El Monumento a los arqueólogos en las excavaciones emeritenses de la capital regional se ubicó inicialmente en el Parque de la Constitución, frente al edificio del Parador Nacional de Mérida y antiguo Convento de Jesús Nazareno. Años más tarde fue trasladada al lugar donde antaño se ubicara la puerta norte de la ciudad, glorieta convertida en el punto de unión hoy en día de algunas de las más las céntricas calles de la localidad, como son la de Santa Eulalia, de Cervantes, de José Ramón Mélida y la Rambla de la Mártir. El Monumento a los emeritenses caídos en las guerras de España, bautizado años después como La Piedad, centra la que fuese Glorieta de Juan de Ávalos, denominada actualmente de Miguel Ángel Blanco, enclavada junto a la Casa del Mitreo en las cercanías de la Plaza de Toros municipal, sobre el trazado de la Carretera Nacional 630 a su paso por la Mérida, hoy en día Avenida de la Reina Sofía.

El panteón familiar donde descansan los restos del escultor extremeño, así como los de algunos de sus familiares, coronado con la Piedad, puede visitarse en el Cementerio Municipal emeritense, levantado junto a la antigua carretera de Cáceres, actual avenida de la Vía de la Plata, en horario de 9 a 13 horas, o bien de 15 a 18 (en invierno), o de 17 a 20 (en verano).

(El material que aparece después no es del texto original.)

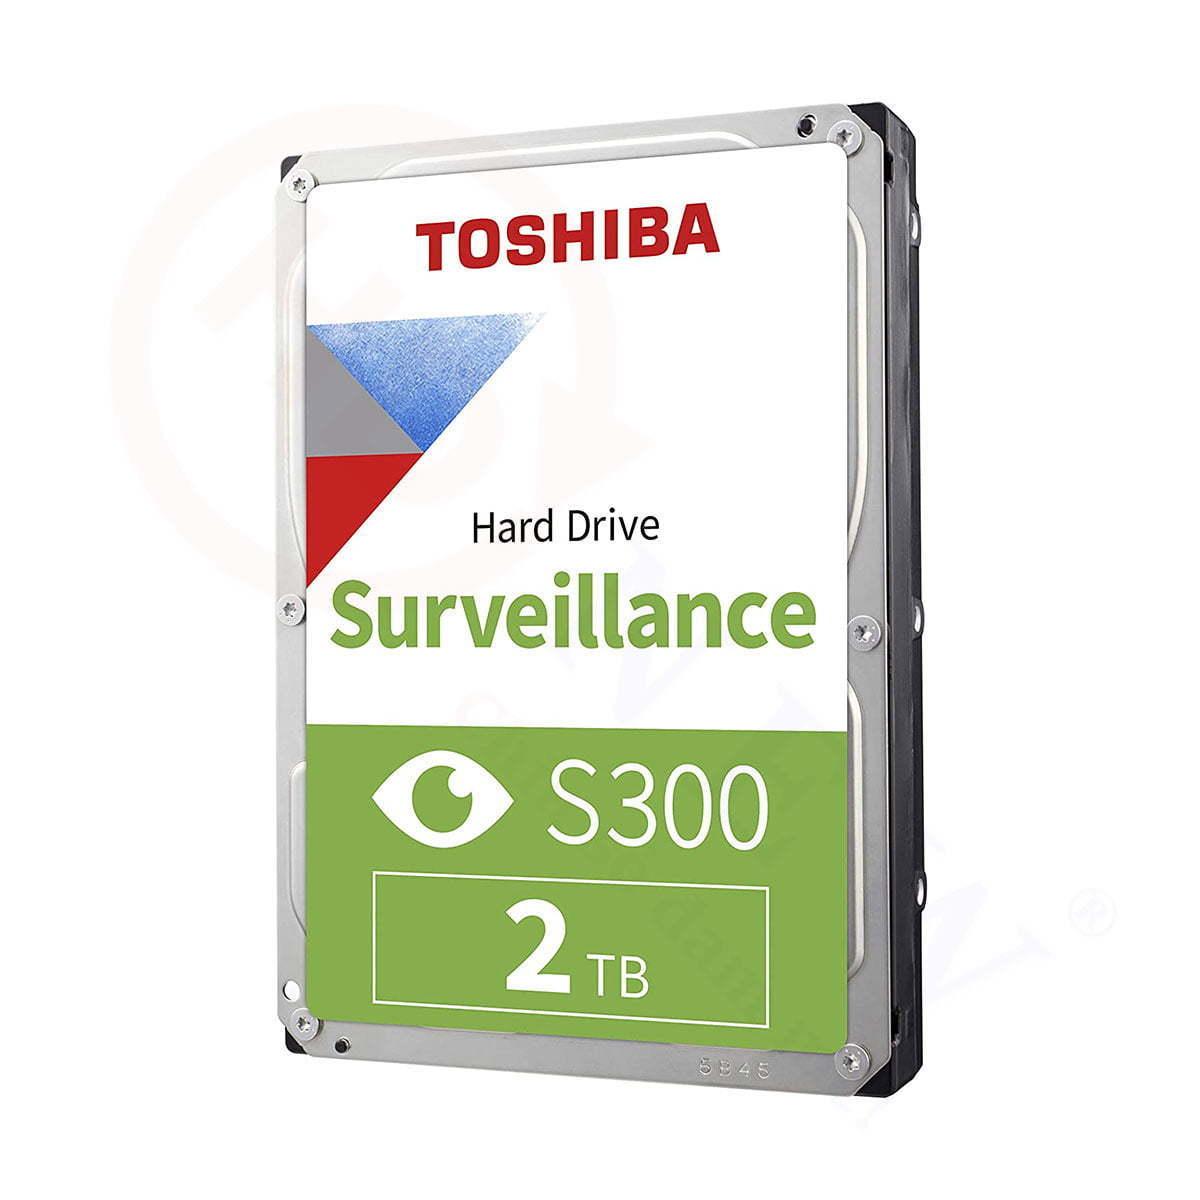 Ổ cứng Toshiba S300 2TB (HDWT720UZSVA) | HDnew - Chia sẻ đam mê

Las tumbas y panteones de este camposanto se prolongan a lo largo de calles bautizadas con el nombre de personajes religiosos y vinculados con la ciudad. La vía principal que parte de la puerta de entrada, conocida como de Santa Eulalia, será la que nos lleve al Panteón de los Ávalos, ubicado en el margen izquierdo de la misma.



Juan de Ávalos García-Taborda. 21 de octubre de 1.911, 06 de julio de 2.006. D.E.P.